Introduction to the Control of the Alimentary Tract Flashcards
What are digestive functions of the stomach?
→Accommodation & storage
→Mechanical and enzymatic breakdown
→Slow delivery of chyme to duodenum
How long does food remain in the stomach unmixed?
1hr unmixed
How is a large volume of storage allowed?
Fundus and body of stomach (thinner muscle tone) relaxes
What chemicals aid in relaxation of the stomach?
Vasoactive intestinal peptide (VIP) and nitric oxide (NO)
Which region of the stomach mixes and grinds food?
Antral region mixes/grinds food with gastric secretions → Digestion
What is the role of the colon/rectum?
storage of indigestive residues and faecal matter
How many litres of gastric juices are is stored /24hr?

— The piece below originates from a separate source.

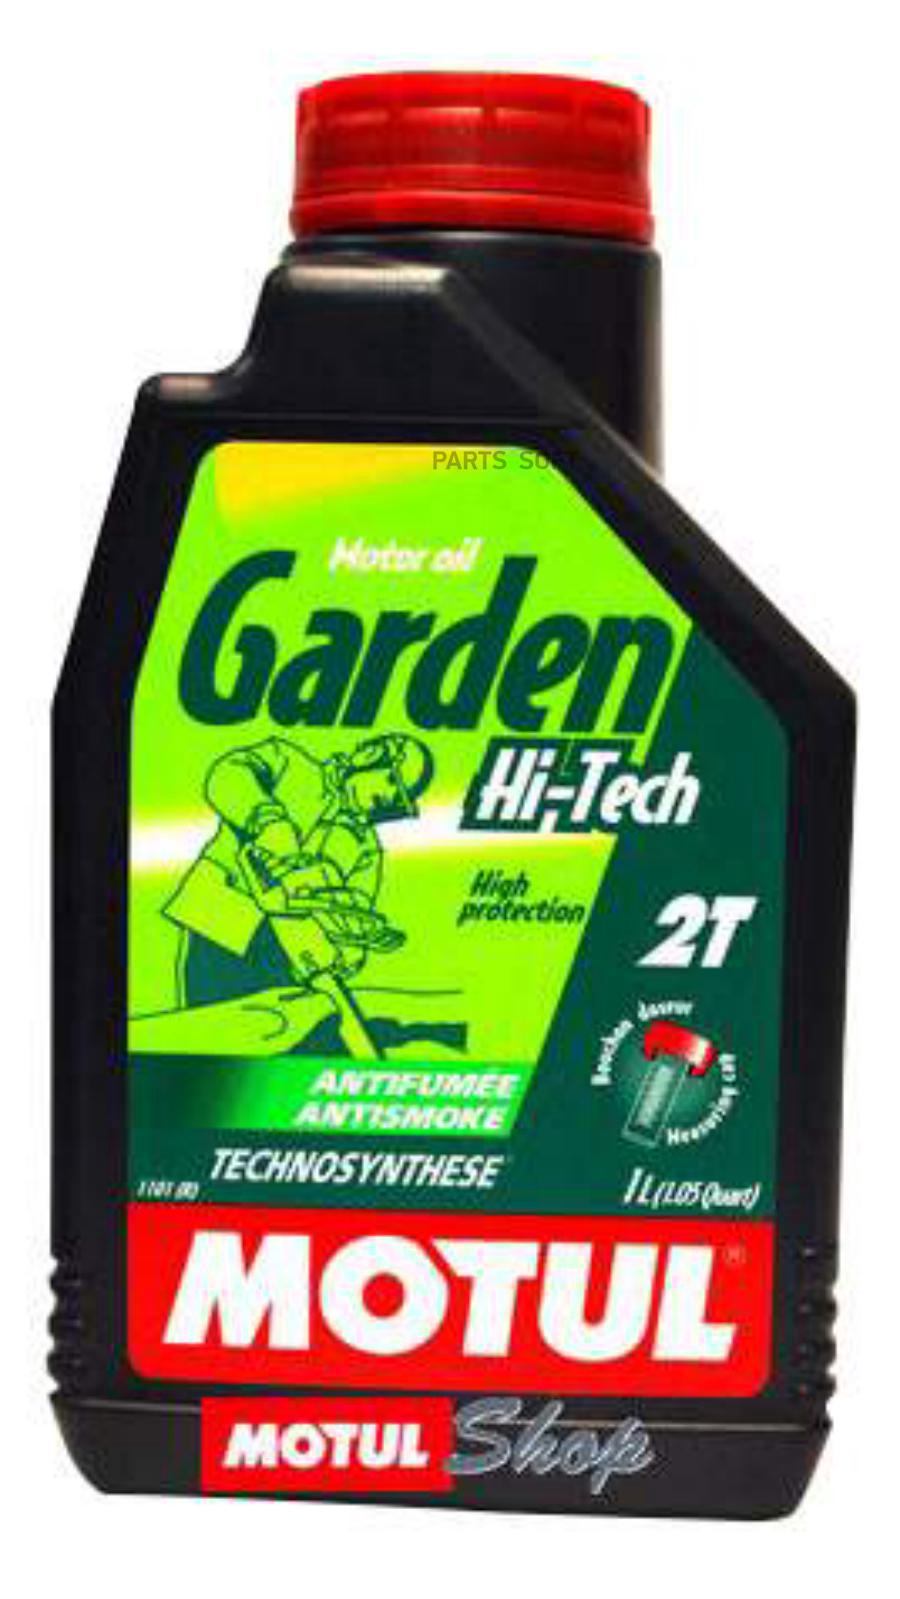 Motul Garden 2t 1л. Масло Motul 2t Garden Hi-Tech 1. Мотюль Tech 2t. Масло для садовой техники Motul Garden 2t Hi-Tech 1 л. Масло motul tech

2-3 litres of gastric juice/24hr
What are the gastric juices and briefly what do they do?
→Mucus acts as a lubricant by acting as a barrier that protects the stomach and colon especially from gastric acid (prevents trauma)
→Lipase – converts triglycerides to fatty acids and glycerol
→Pepsin : protein digestion
→HCl – important in defence
→Intrinsic – for vitamin B12 absorption
Where are the gastric juices secreted from/by?

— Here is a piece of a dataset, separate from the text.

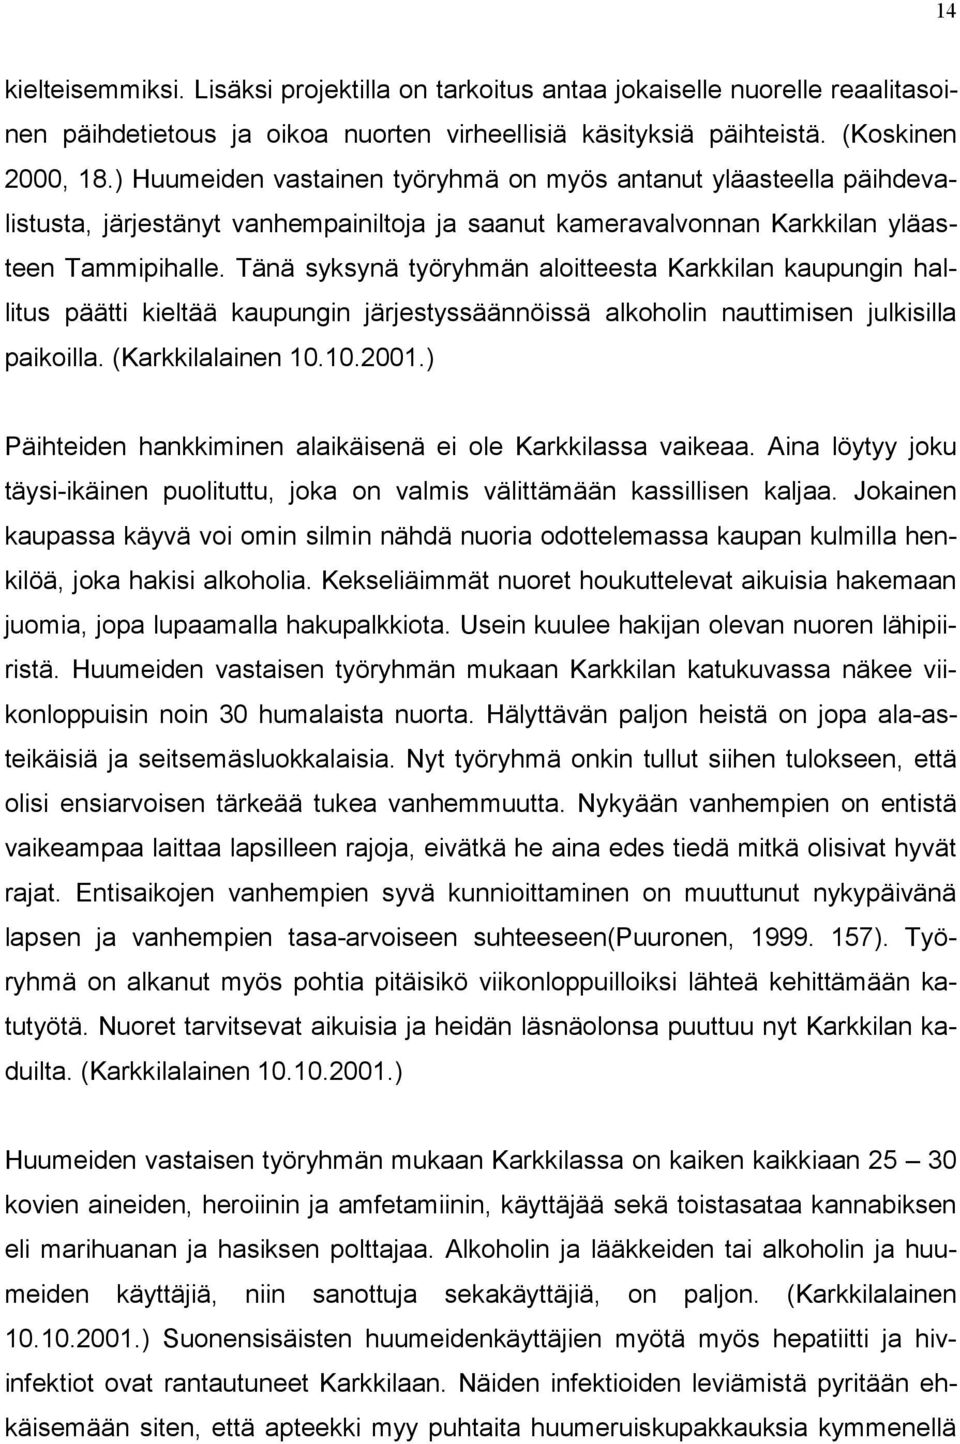 Tänä syksynä työryhmän aloitteesta Karkkilan kaupungin hallitus päätti kieltää kaupungin järjestyssäännöissä alkoholin nauttimisen julkisilla paikoilla. (Karkkilalainen 10.10.2001.

→mucus=secreted by goblet cells and mucus neck cells
→lipase= gastric chief cells in the fundic mucosa in the stomach.
→pepsin=secreted by chief cells or peptic cells as pepsinogen(inactive)
→HCL=secreted by parietal cells
→Intrinsic= secreted by parietal cells
What are paracrine secretions
→ Secreted from cells in the mucosa but the chemical acts locally on adjacent cells via interstitial fluid
Give an example of a paracrine secretion?
somatostatin
What does somatostatin do?
inhibits gastrin release in the stomach- reduced acid secretion
Where are exocrine secretions from?
→ Salivary glands
→ Gastric glands
→ Pancreas
→ Liver
What does the vagal reflex inhibit?
→ Smooth muscle tone
→ Mechanoreceptors
→ Fundic relaxation
What is somatostatin released by and what does it act on?
→ D cells and acts on G cells
What do the exocrine glands/organs release?
→Salivary glands: mucus (lubrication for mastication and speech); lipase
→Gastric glands: hydrochloric acid, pepsin, mucus
→Pancreas: bicarbonate ions, enzymes (e.g. amylase, lipase, carboxypeptidase)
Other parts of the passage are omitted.